The railway had a depot in the Schwetzingen Südstadt on the edge of the grounds of the Bassermann canning factory , where the Theater am Puls now has its venue. An operating line initially led through Marstallstrasse and Bismarckstrasse to the train station , where regular service began. It went on to Carl-Theodor-Straße and this further to the west. From 1927, a section of the Heidelberg tram , coming from Plankstadt and on to the castle , ran parallel to a section of around one hundred meters between the confluence of the bridge ramp and the so-called turntable . The Ketscher tram, on the other hand, turned south into Friedrichstrasse and continued to Bismarckplatz, where it bent west along Zähringer Strasse and the country road to Ketsch. After crossing the town on Schwetzinger Strasse, she turned north at the Catholic church, ending a few meters in front of the Enderle inn .

vehicles

The railway had three bidirectional railcars built by MAN with 20 seats and 27 standing places, the electrical equipment came from Schuckert . The two single-axle bogies made it possible for the vehicles to negotiate tight bend radii. After the operation had ceased, the railcars came to the Stralsund tram . One of the vehicles was destroyed in an air raid in the final phase of World War II, the other two rebuilt after damage.

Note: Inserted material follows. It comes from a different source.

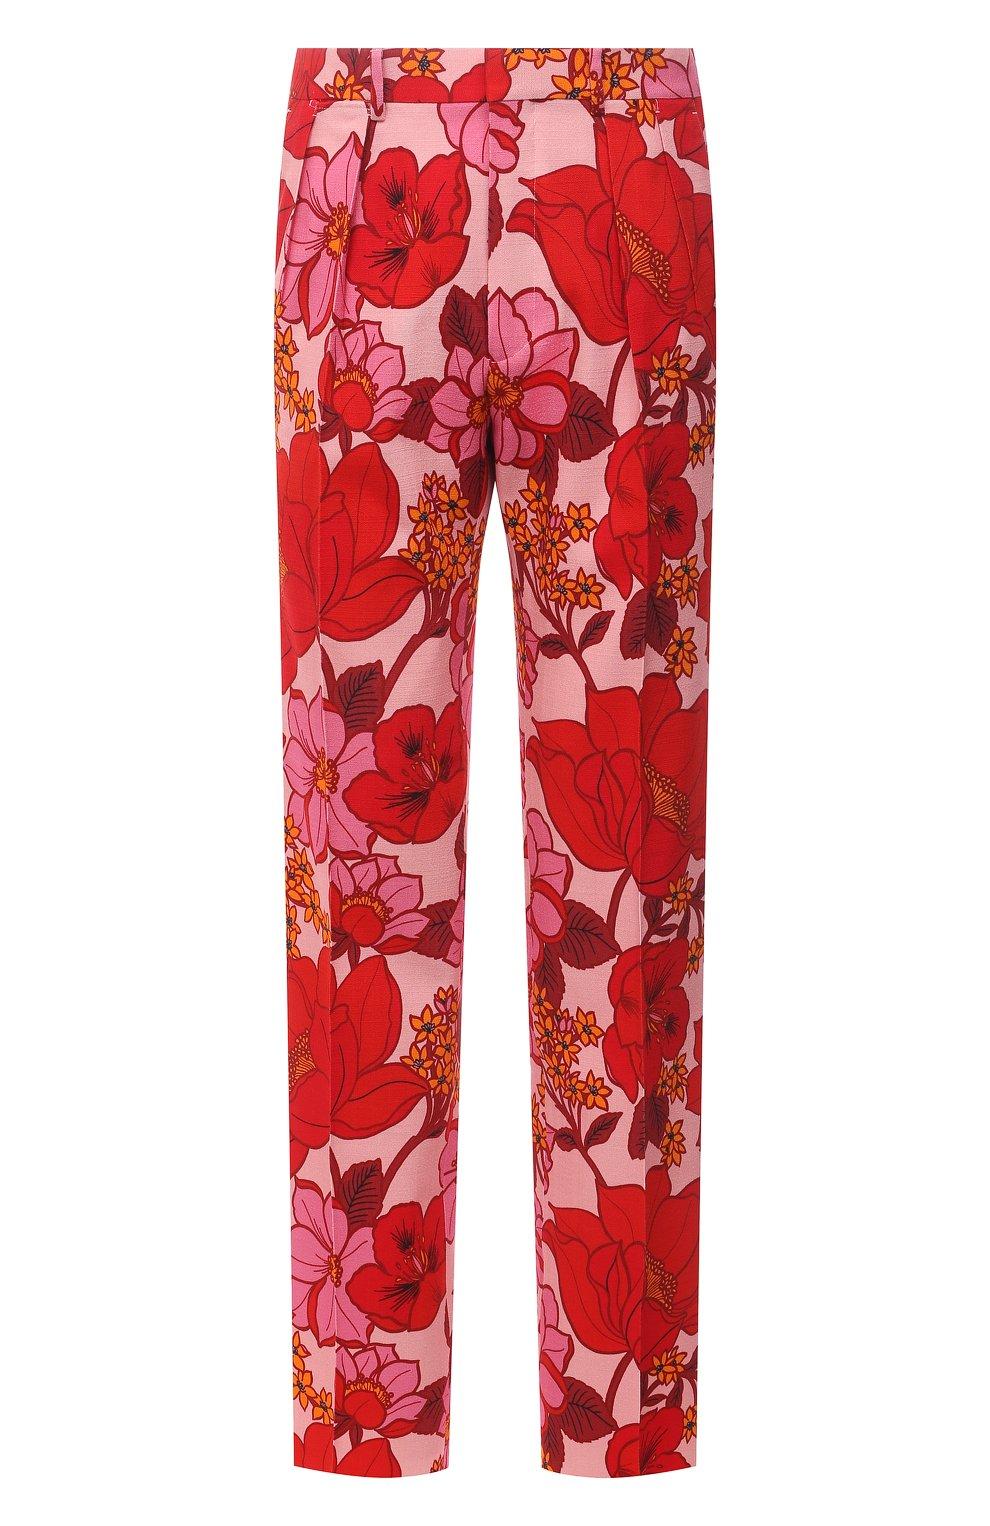 Мужские брюки из вискозы TOM FORD красного цвета, арт. 942R55/759F42 | Фото 1

They were in regular service until the 1950s, one of the two then as a work car for two more years . The two sidecars of the Ketscher tram were sold to the Merseburg tram , the salt car to Łódź . Two more work cars remained with the OEG, where they were used in the rest of the network.

literature

  • Dieter Höltge: Trams and light rail vehicles in Germany. Volume 6: Bathing . EK-Verlag, Freiburg im Breisgau 1999, ISBN 3-88255-337-5 .
  • Jürgen Gruler: Three people from the Electoral Palatinate are making careers in Stralsund. Schwetzinger Zeitung, August 29, 2006. Digitized version on the website of the “Theaters am Puls”, PDF file, 224 kB

Individual evidence

  1. The last relics of the tram era. Schwetzinger Zeitung, January 12, 2013, accessed on February 18, 2018.
  2. Compare this contemporary photo on the website of a ketch photo shop, accessed on February 20, 2018.